Since the use of big data for official statistics is still a relatively new development it was expected that participation would be considerably increased if the rules of the competition allowed participation of traditional forecasting approaches. This assumption seems to have been justified by the quite low proportion of approaches actually using big data. It can be further observed that big data methods have not outperformed traditional methods. This can of course be explained by the fact that macroeconomic forecasting is an established discipline with a long tradition while the introduction of big data in it is still an ongoing process.

Many technical challenges were identified in advance allowing us to be adequately prepared however many remained as explained in section 2.5. None of them proved unsurmountable though, so the competition could be carried out until the end and the main objectives were achieved.

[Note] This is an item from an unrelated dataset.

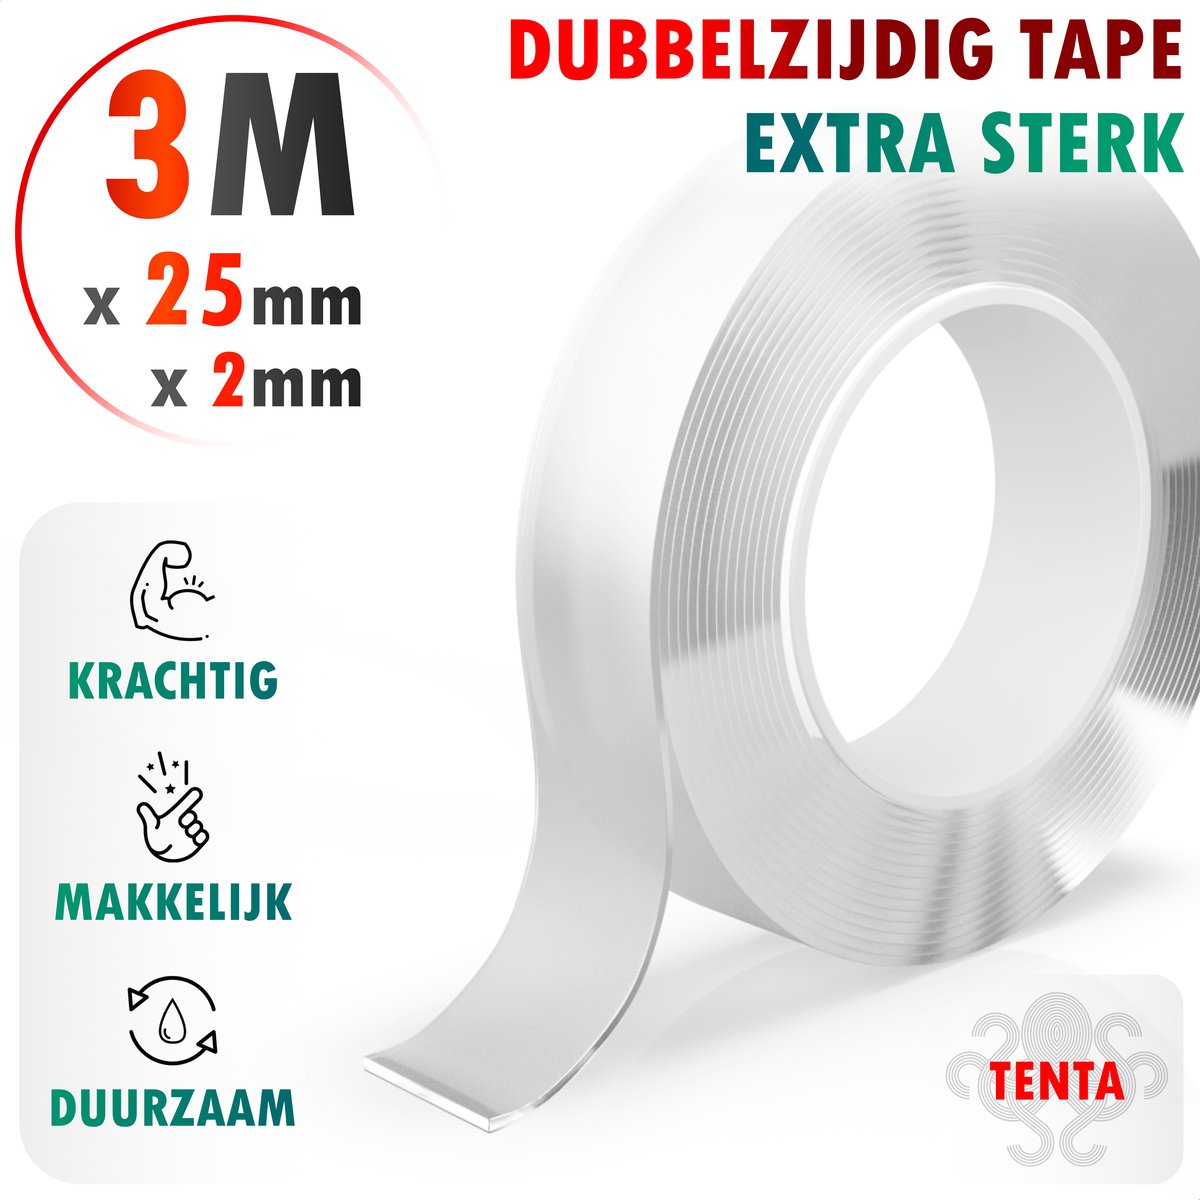 TENTA® Dubbelzijdig Tape Extra Sterk - Krachtig - Makkelijk - Duurzaam - 3m  x 25mm x 2mm | bol.com

Concerning the practical aspects of organising a competition of this kind several remarks are due here:

Attracting participants who are dedicated enough to commit to twelve months of submitting with a strict deadline is a major challenge. The five participants that BDCOMP actually managed to retain seem in this respect to be a reasonable number.
As one can observe in the results each measure can be used to consider the results from a different angle which speaks in favour of maintaining the variety in the evaluation. The fact that there is no final single winner does perhaps diminish the competitiveness aspect somewhat but this seems inevitable due the reasons described above.
From a scientific viewpoint it would have been much better to perform the evaluation against data of a more mature vintage than a first release. However this would have implied a big timing gap between the end of the competition and the evaluation. Alternatively the evaluation could have been made against the latest available release for each month. One approach could be to perform a study on revisions of the indicators one plans to include and to select appropriate vintages per indicator.
It is our belief that the official scoring and the analysis done here are only part of the insight that can be gained from this event. Since the data and a lot of the approaches are openly available they are easy to analyse further. As mentioned above one obvious possible extension would be to wait until final releases are published for all indicators for the whole 2016 – a better ground truth - and do the scoring again. Clustering the approaches according to other criteria and evaluating the performance of the clusters is another possible extension.

References

[1]Choi H., Varian H. R Predicting the Present with Google Trends, Economic Record, (2012). 88(s1), 2–9.